Albedo, the newest space corporation to enter the popular Y Combinator start-up accelerator, intends to set up a 10 centimeter per pixel resolution satellite constellation providing Earth imagery. That is the same resolution that created a stir when, in August 2019, former President Trump tweeted pictures of a badly destroyed Iranian launchpad. At the time, geospatial mapping analysts indicated that the imagery was actually captured by secret NRO surveillance satellites costing more than $1 billion. (Prices and capacities of NRO satellites are classified.)

Albedo aims to minimize the expense of capturing 10-centimeter resolution electro-optical imagery as well as two-meter resolution thermal imagery by operating refrigerator-sized satellites at the low altitudes with the large-aperture cameras. “To accomplish this resolution effectually, there are technological advances we are using today to operate super low,” Topher Haddad, co-founder as well as Chief executive of Albedo, informed SpaceNews. For instance, Denver-based Albedo intends to empower satellites with the electric propulsion and develop them for the on-orbit refueling. Haddad stated he is sure that refueling will be possible in the low Earth orbit until Albedo requires approximately two years refilling the first generation of the satellites after the deployment.

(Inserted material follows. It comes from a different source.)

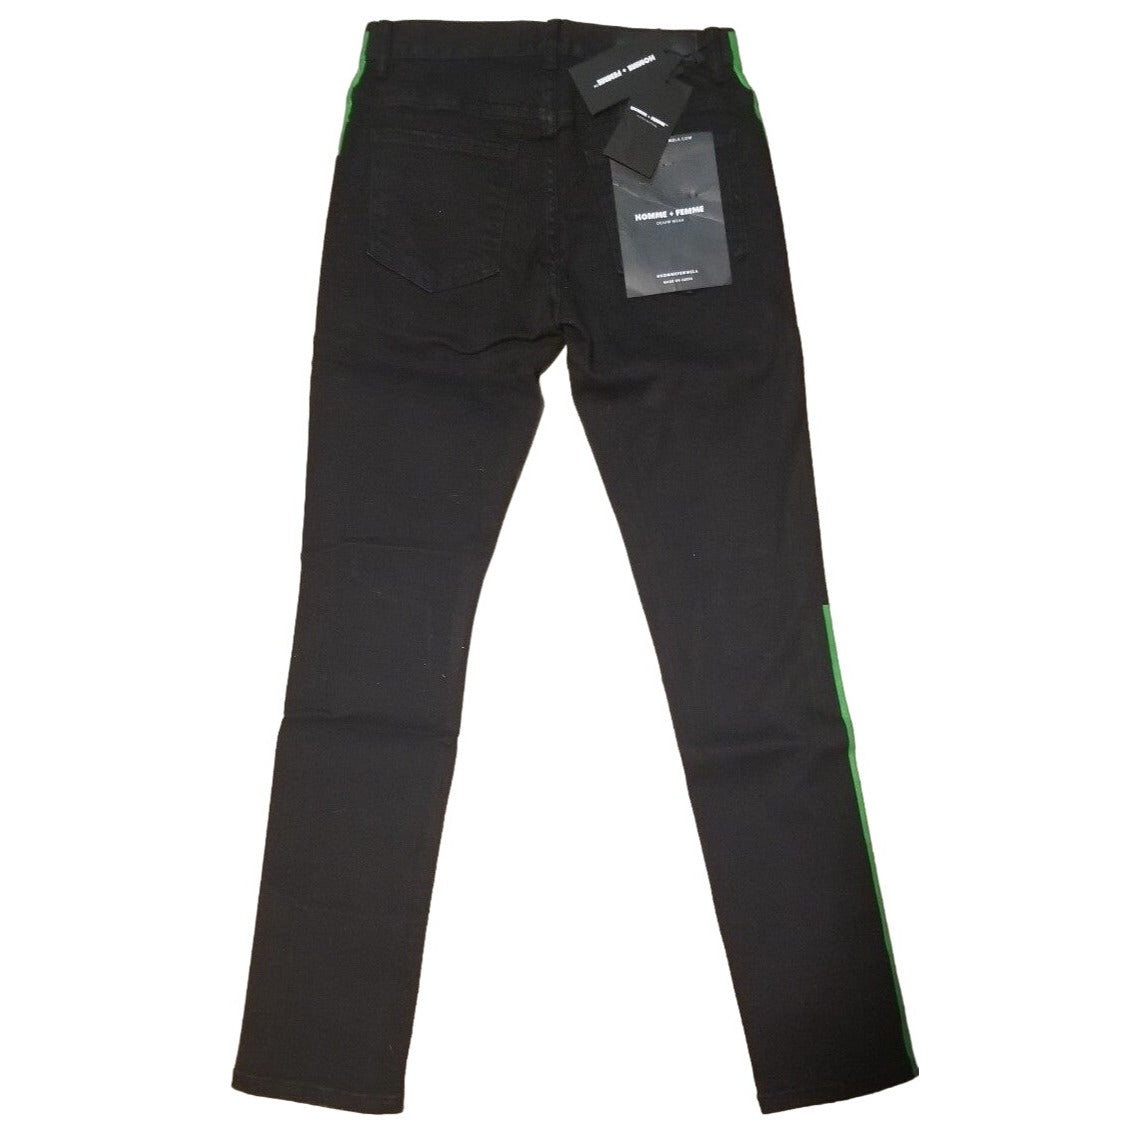 Homme Femme Black Jean's Green Side Stripe UNISEX-Size 28
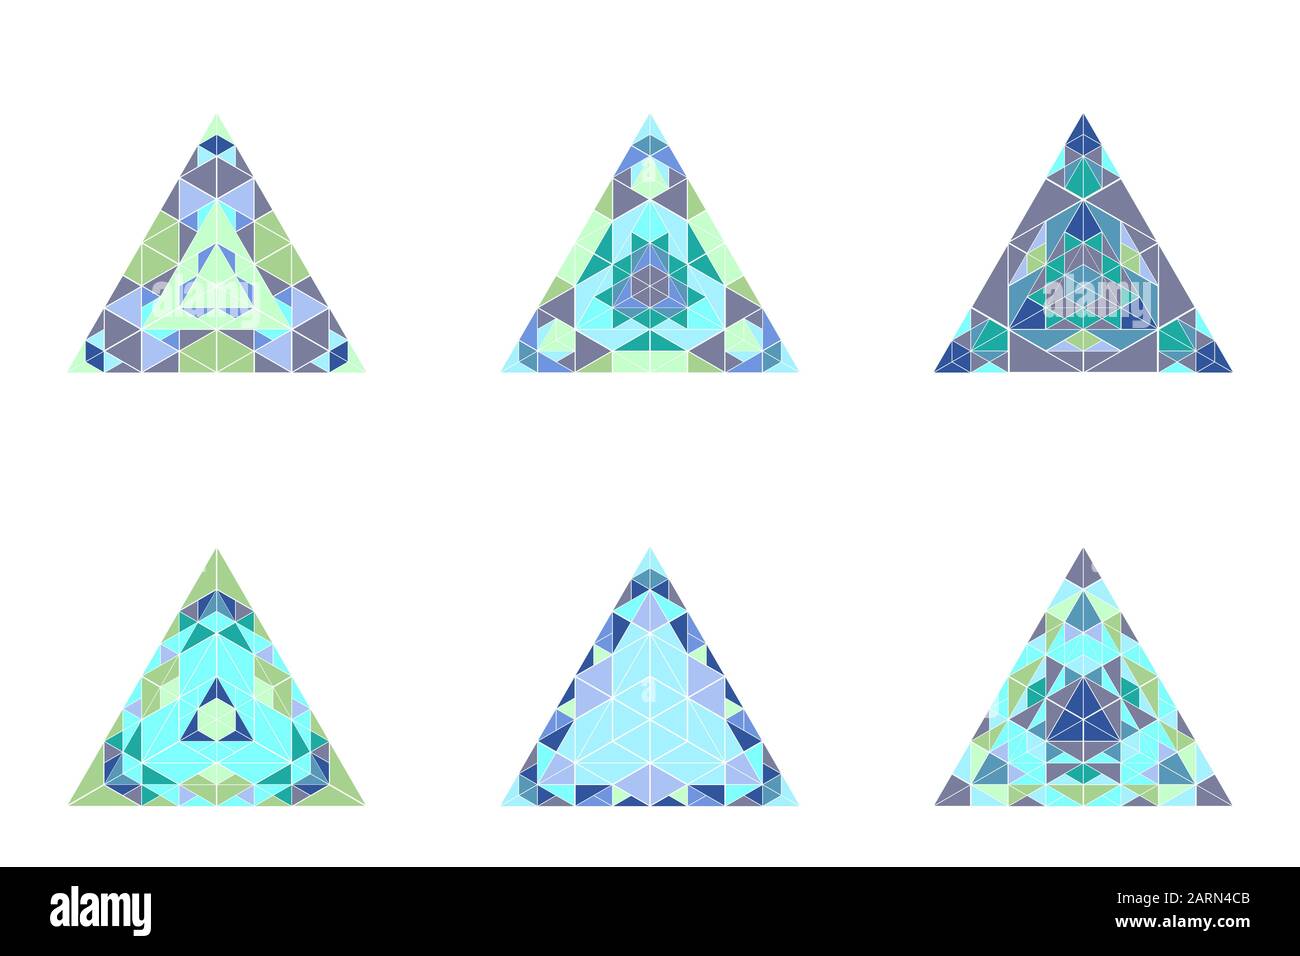 Isoliertes, verziertes Formset - geometrische, bunte geometrische Vektorgrafikelemente aus Dreieckskacheln Stock Vektor

“By rendering imagery accessible and incorporating the tremendous value of the high resolution, our aim is to increase the demand,” Haddad added. Although 10-centimeter imagery is not available for sale commercially without a special authorization in the United States, Haddad is adamant that by the moment it starts deploying satellites in the year 2024 and develops a constellation of 24 satellites in the year 2027, Albedo will encounter few constraints. Haddad, who served at the Lockheed Martin as a senior systems engineer, worked on confidential remote sensing projects, co-founded Albedo with Winston Tri, who used to work at Facebook as a software engineer, as well as AJ Lasater, a former employee of Lockheed Martin systems, who served as an architecture manager, in the year 2020.

When they entered Y Combinator, a venture start-up accelerator located in Mountain View in California, whose space sector alumni include Astranis, Momentus as well as Relativity Space, the trio started working on Albedo full time. In the startups that it picks, Y Combinator spends. Eric Migicovsky, who is a partner at Y Combinator, stated Albedo “has a huge amount of work it is supposed to do.” “I could see this as being a no-brainer for the customers if they can develop at the pace they are preparing and get to the level of quality.” Albedo founders have held detailed interviews with potential clients while engaging in Y Combinator and received letters of intent priced at $56 million, Haddad stated.